DUBAI: Un bâtiment du centre de Dubaï a été touché par des débris provenant d’une attaque interceptée, a annoncé vendredi le bureau des médias du gouvernement, après que des explosions ont ébranlé la place financière du Moyen-Orient.

Un bâtiment avait été touché a confirmé le bureau des médias de Dubaï. Les défenses aériennes des Emirats arabes unis ont intercepté plus de 1.500 drones iraniens et près de 300 missiles depuis le début de la guerre dans la région.

"Les autorités ont confirmé que des débris provenant d’une interception réussie ont provoqué un léger incident sur la façade d’un bâtiment dans le centre de Dubaï", a indiqué le bureau des médias sur X, en ajoutant qu’aucun blessé n’avait été signalé.

Un correspondant de l'AFP a indiqué avoir senti son immeuble trembler et avoir entendu une importante explosion. Un épais nuage de fumée était visible vendredi matin dans l'émirat.
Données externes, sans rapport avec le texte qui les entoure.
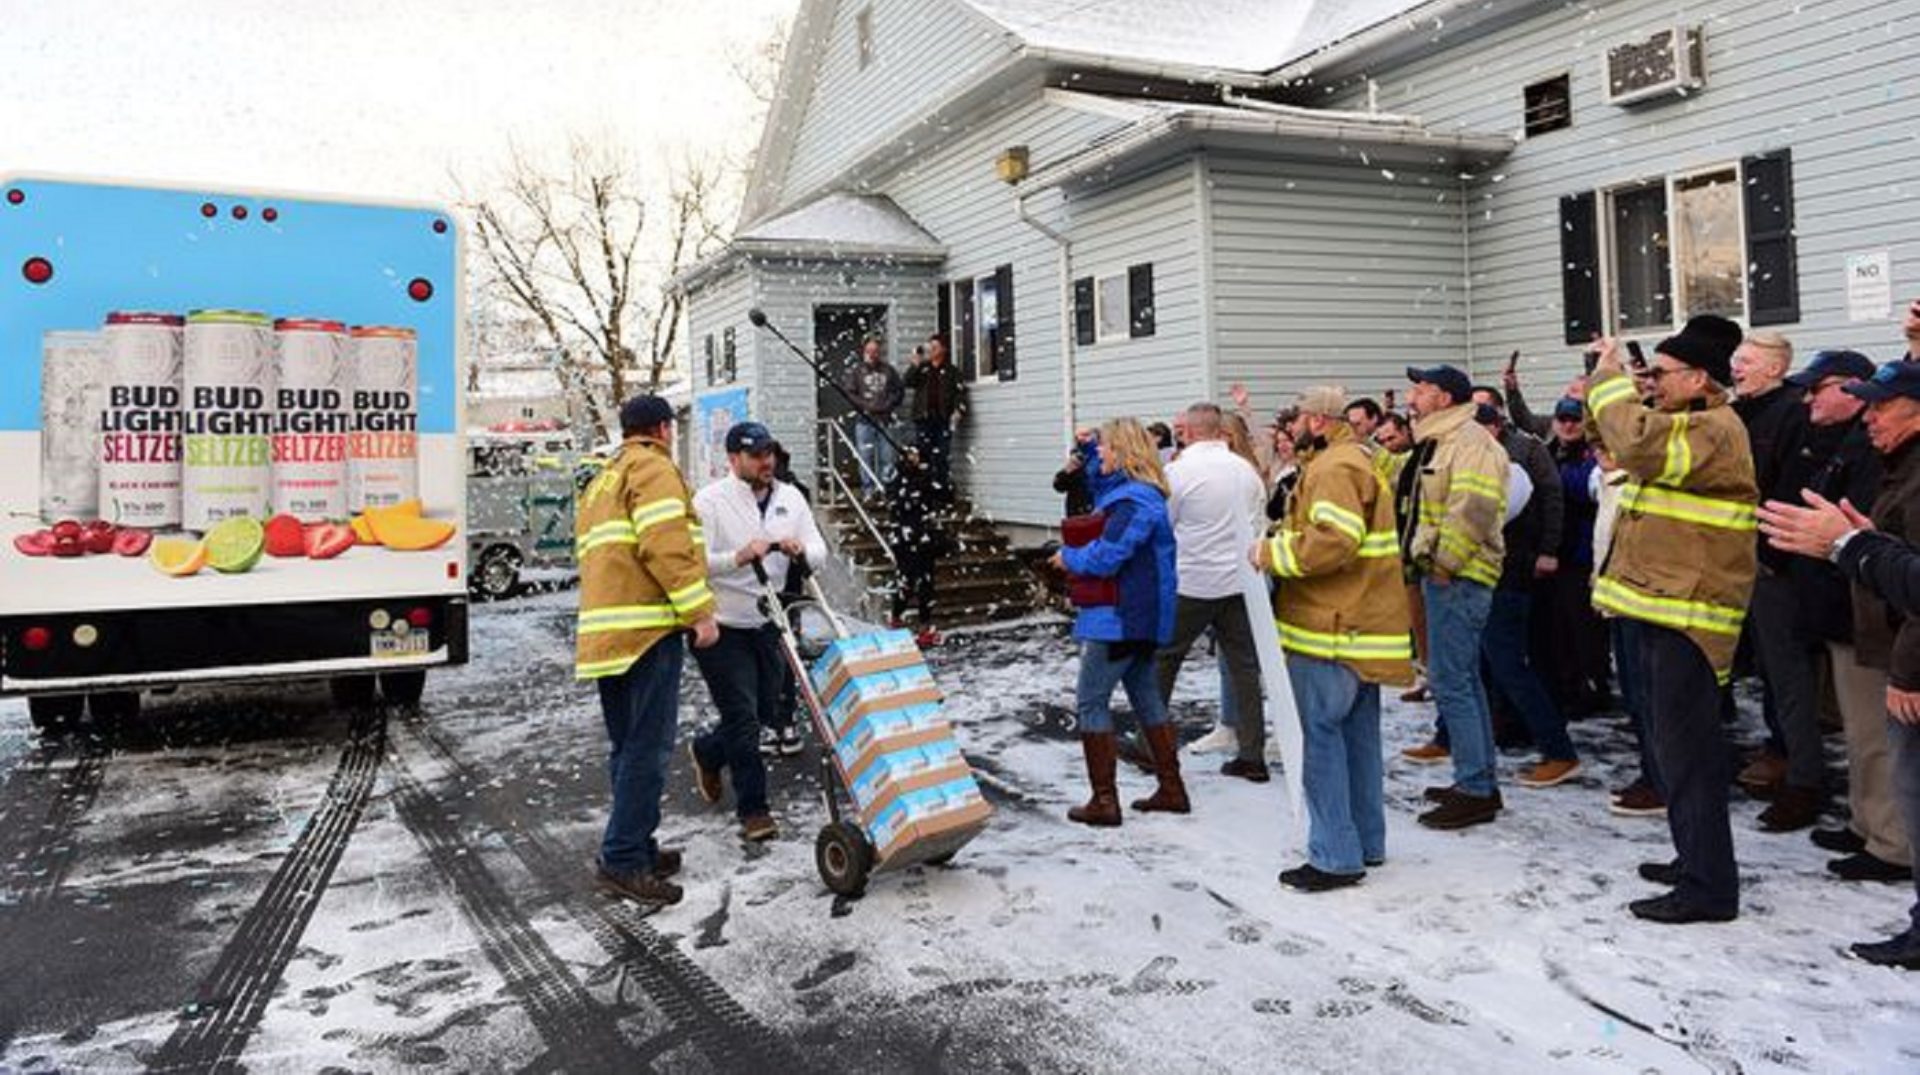 Members of the Seltzer Hose Company cheer the inaugural delivery of Bud Light Seltzer, a new product that their community's name has been both borrowed and amplified for a national launch campaign.

Le dernier incident survient après la chute d’un drone près du quartier financier de Dubaï jeudi. L’Iran avait menacé de frapper des institutions économiques, poussant certaines entreprises à évacuer leur personnel de la zone.

Les Emirats arabes unis, riches en pétrole, ainsi que d’autres pays aisés du Golfe sont sous les tirs incessants de l’Iran depuis le début de la guerre, le 28 février.

L’aéroport de Dubaï, l’un des plus grands au monde, a été visé à plusieurs reprises, tout comme son port et son parc immobilier de luxe, notamment la Palm Jumeirah et l’hôtel Burj Al Arab.